→ **INFORMATION SUPPLIED**:

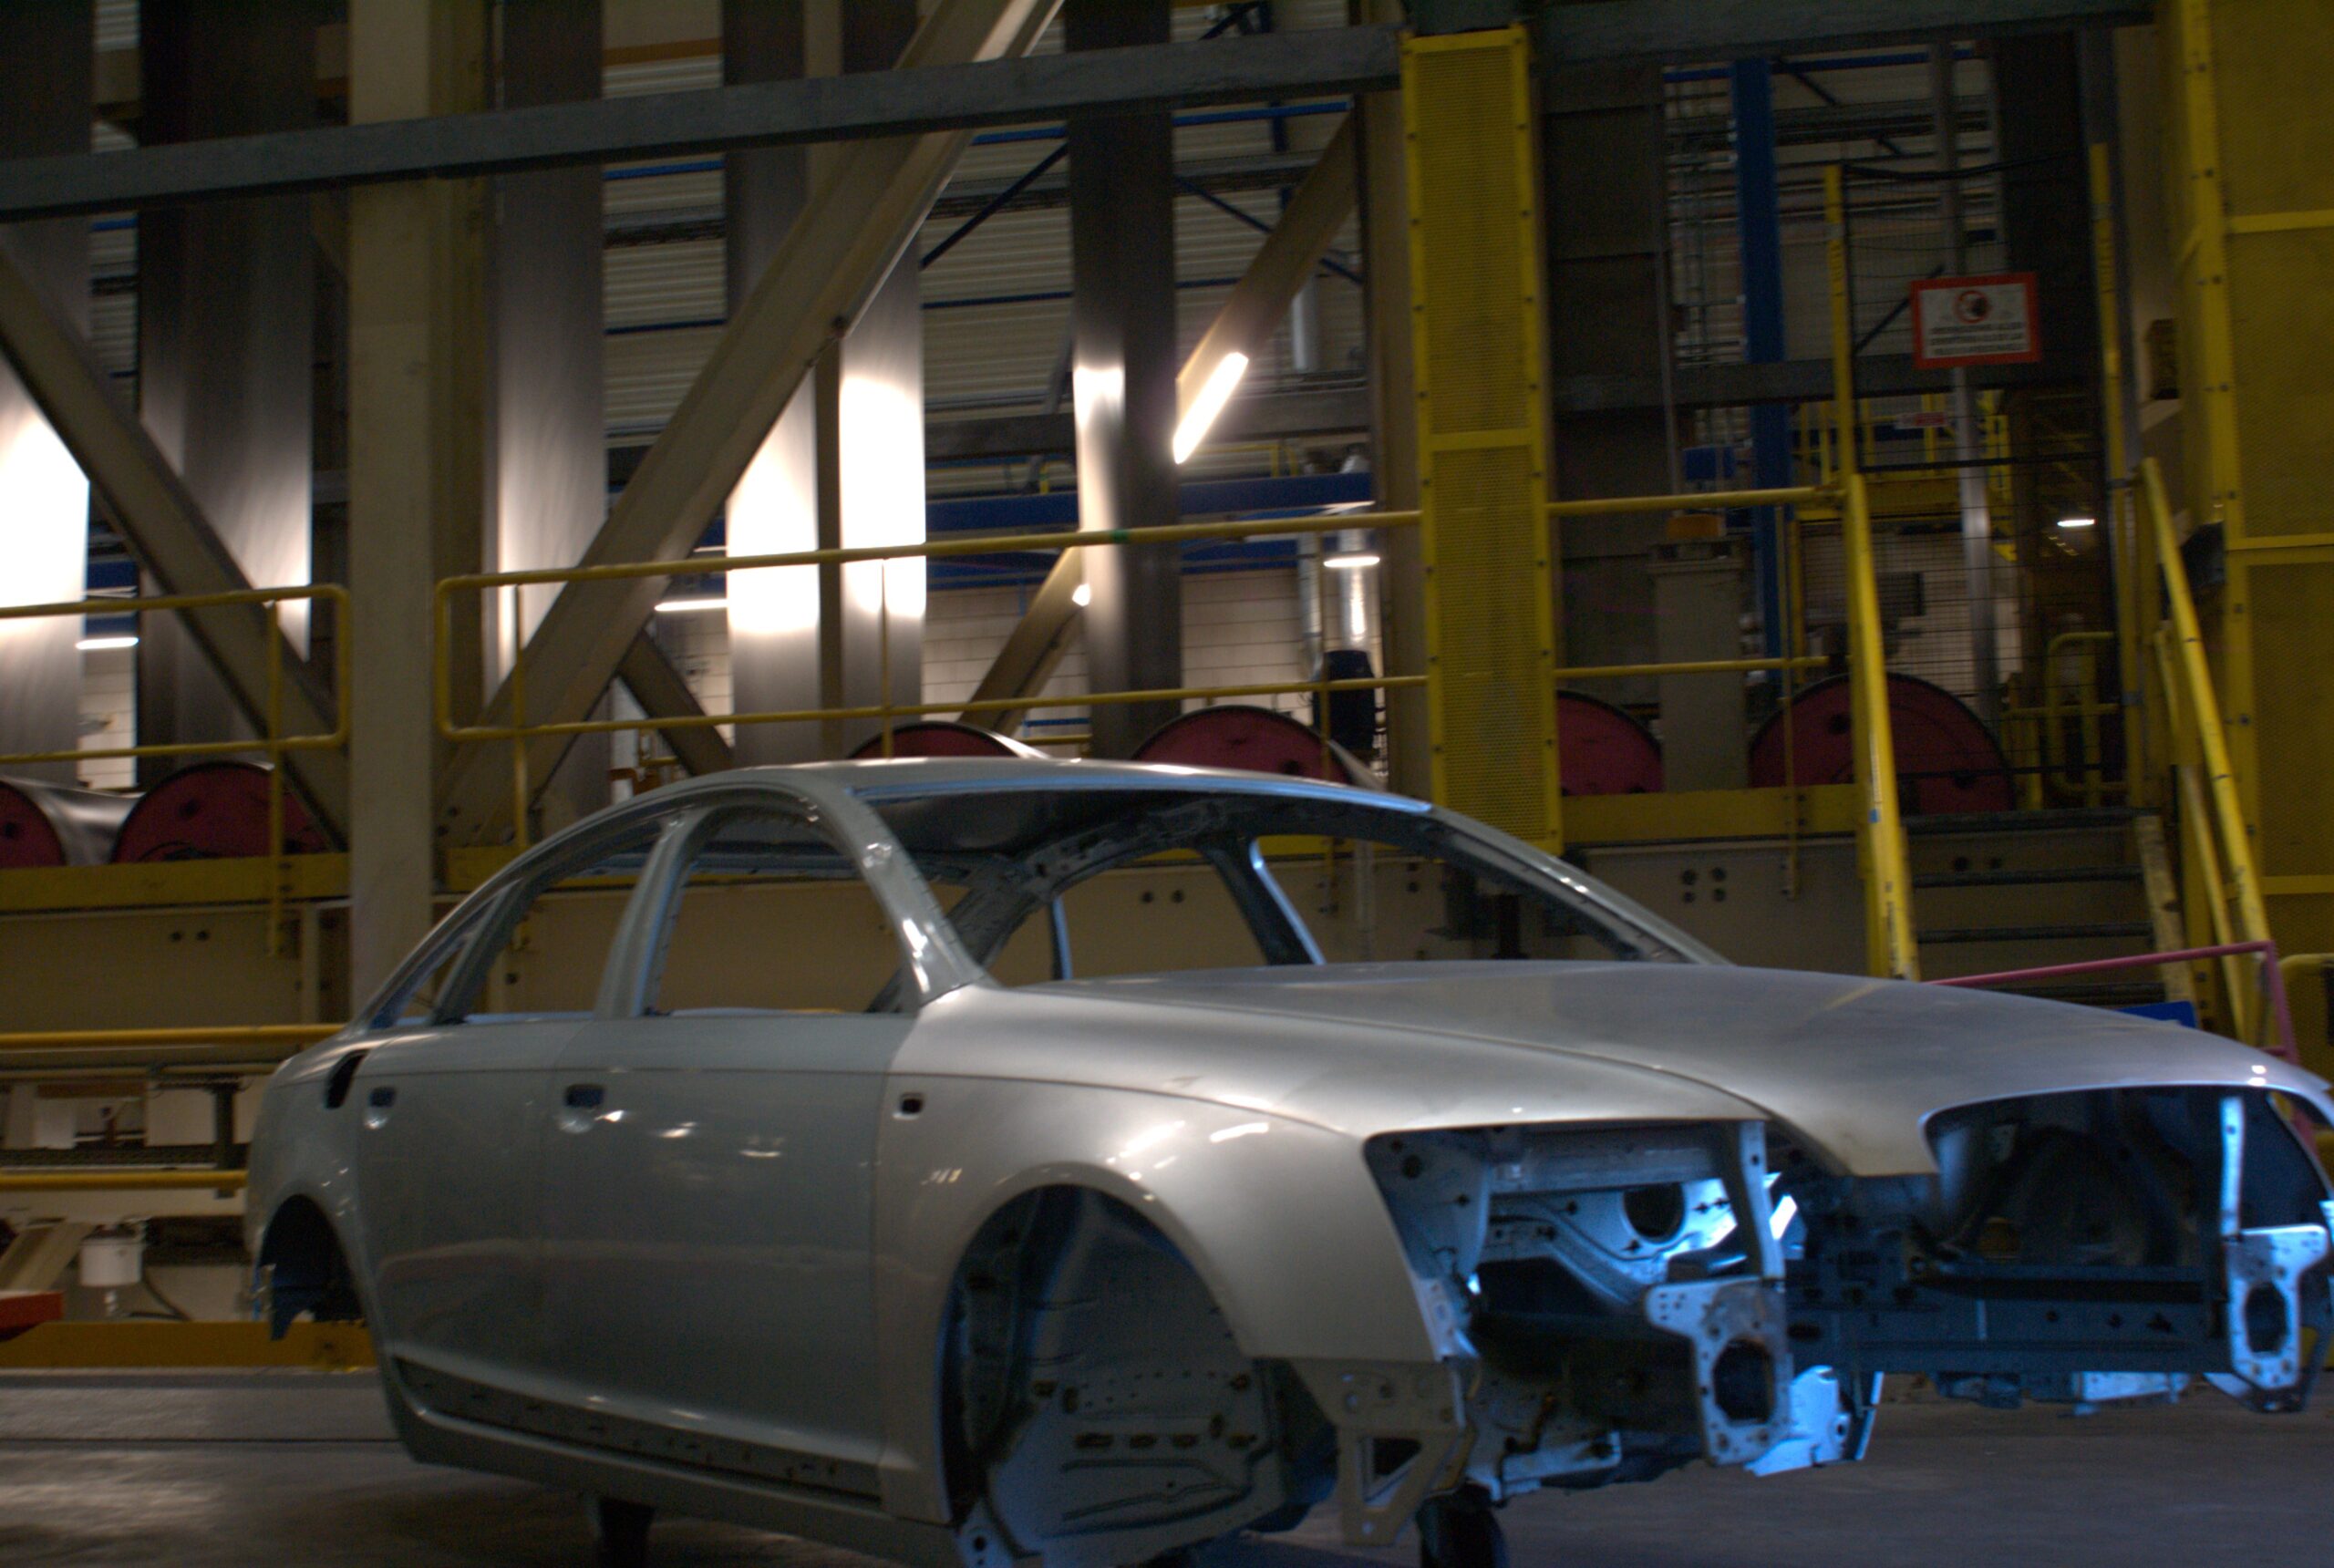 Binnen in één van de fabrieken van Tata Steel. Het metaal wordt gebruikt voor bijvoorbeeld de auto-industrie.
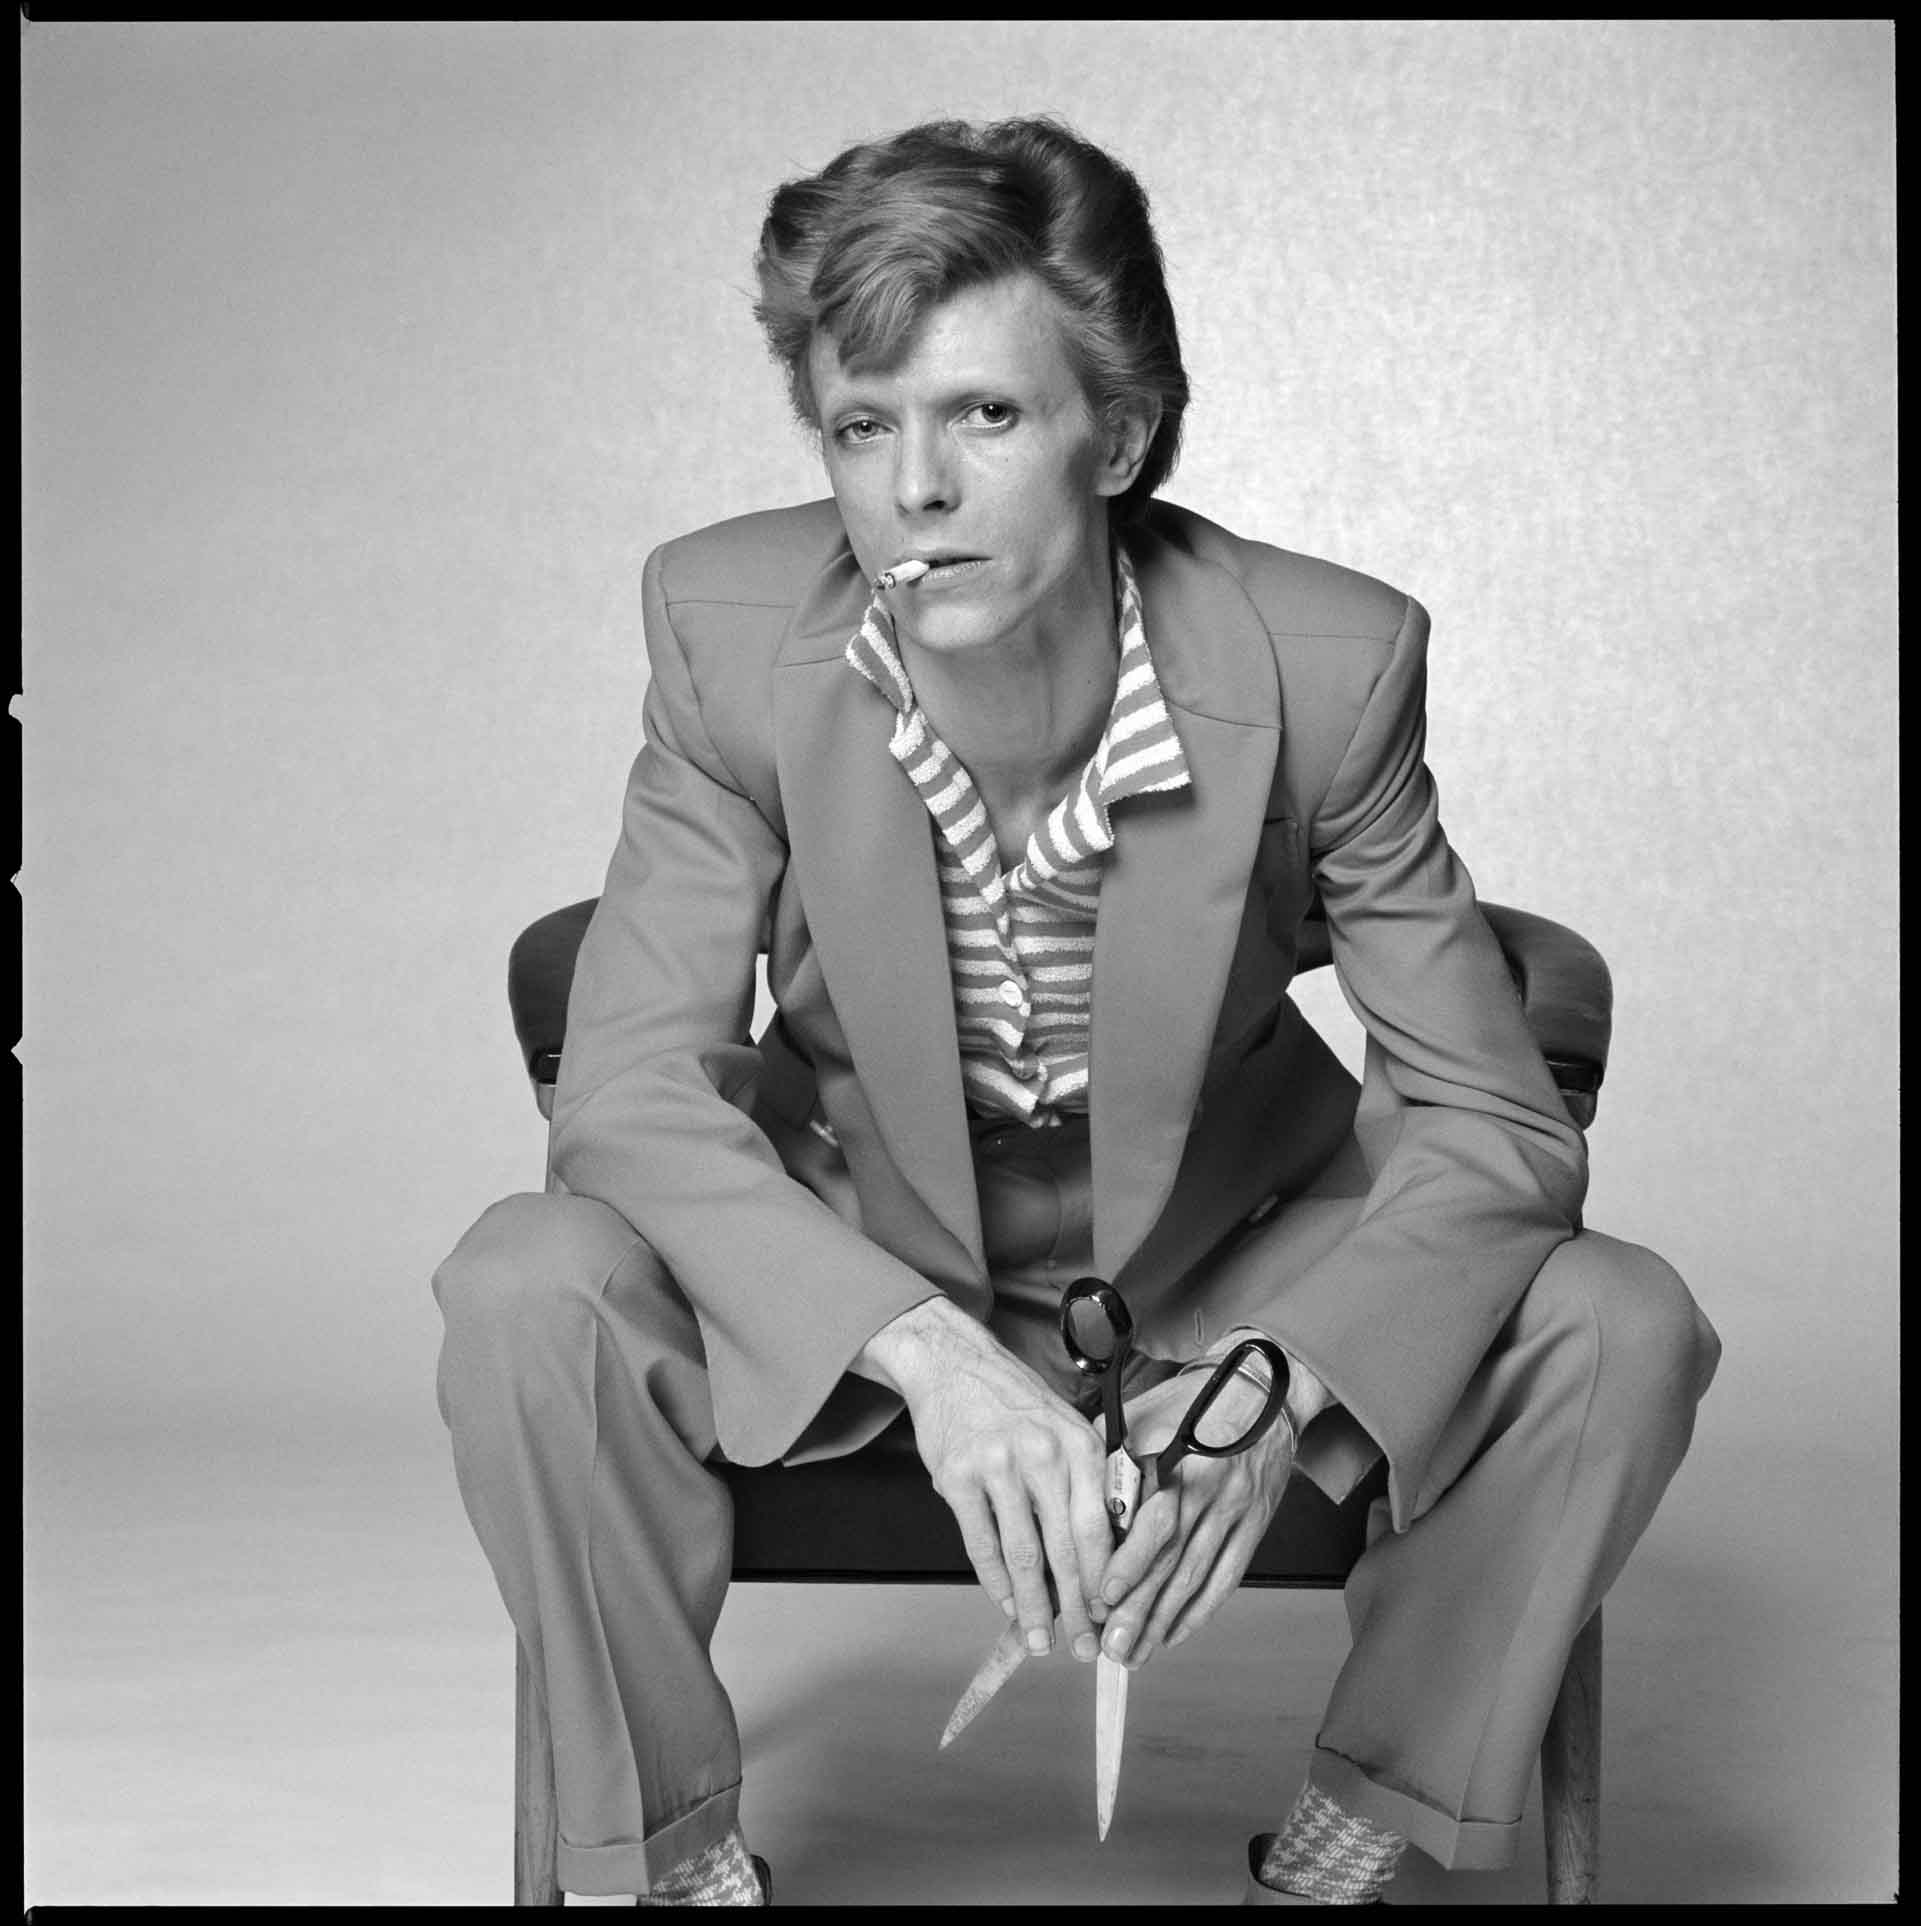 Bowie Scissors BW © Terry O'Neill
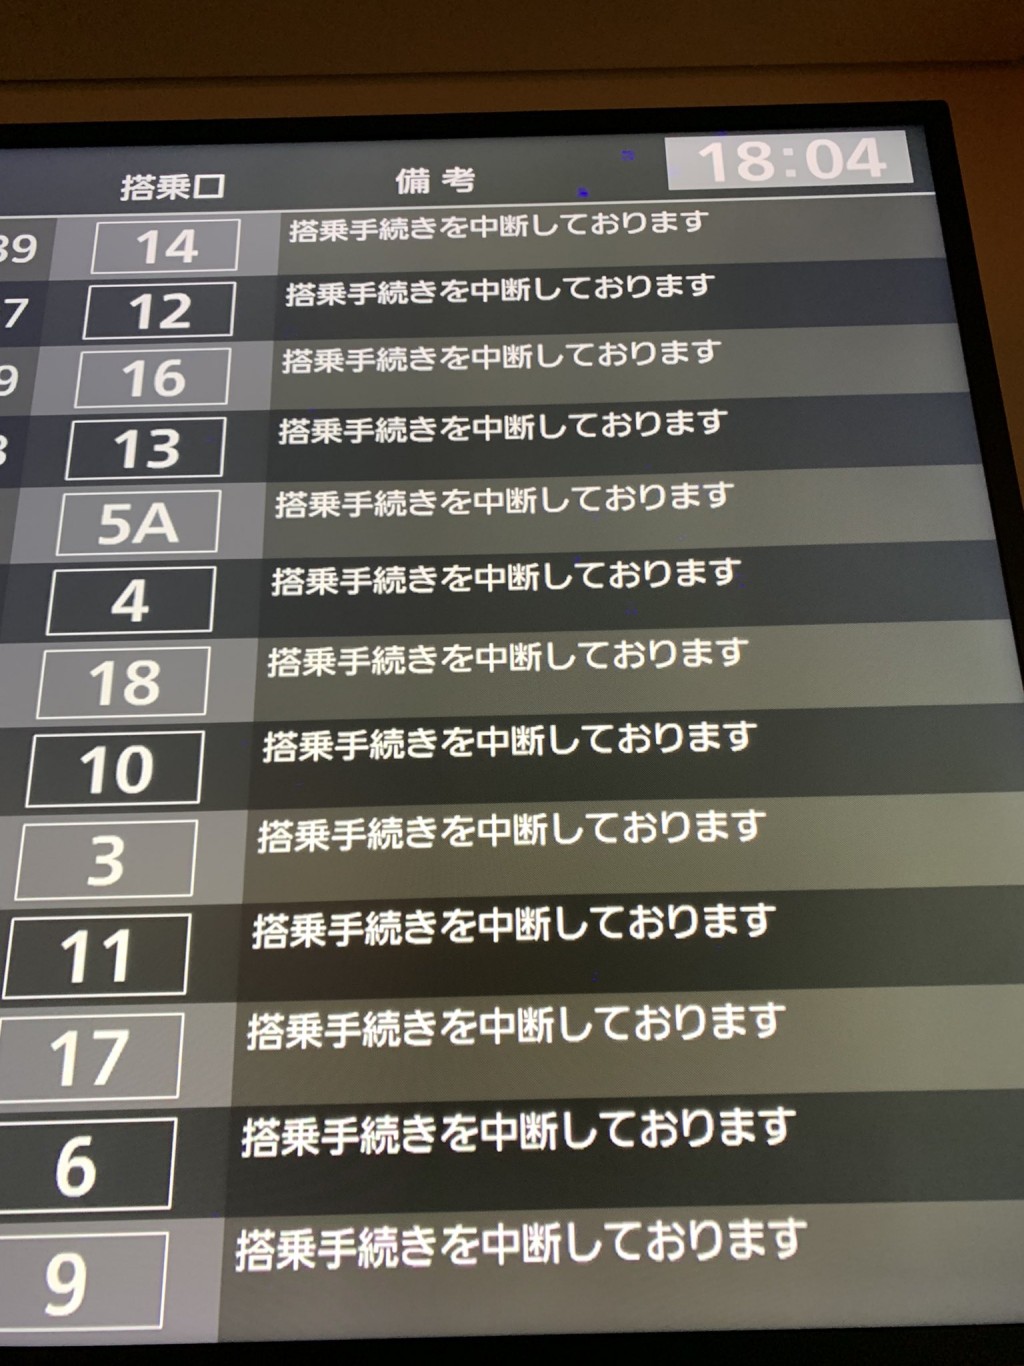 羽田機場一度全面停飛。 X

→ **DIRECTIONS FOR THIS TASK**:
Repeat all of the data above word for word, minus the pictures.

→ **RESULT OF THIS TASK**:
 Binnen in één van de fabrieken van Tata Steel. Het metaal wordt gebruikt voor bijvoorbeeld de auto-industrie.
 Bowie Scissors BW © Terry O'Neill
 羽田機場一度全面停飛。 X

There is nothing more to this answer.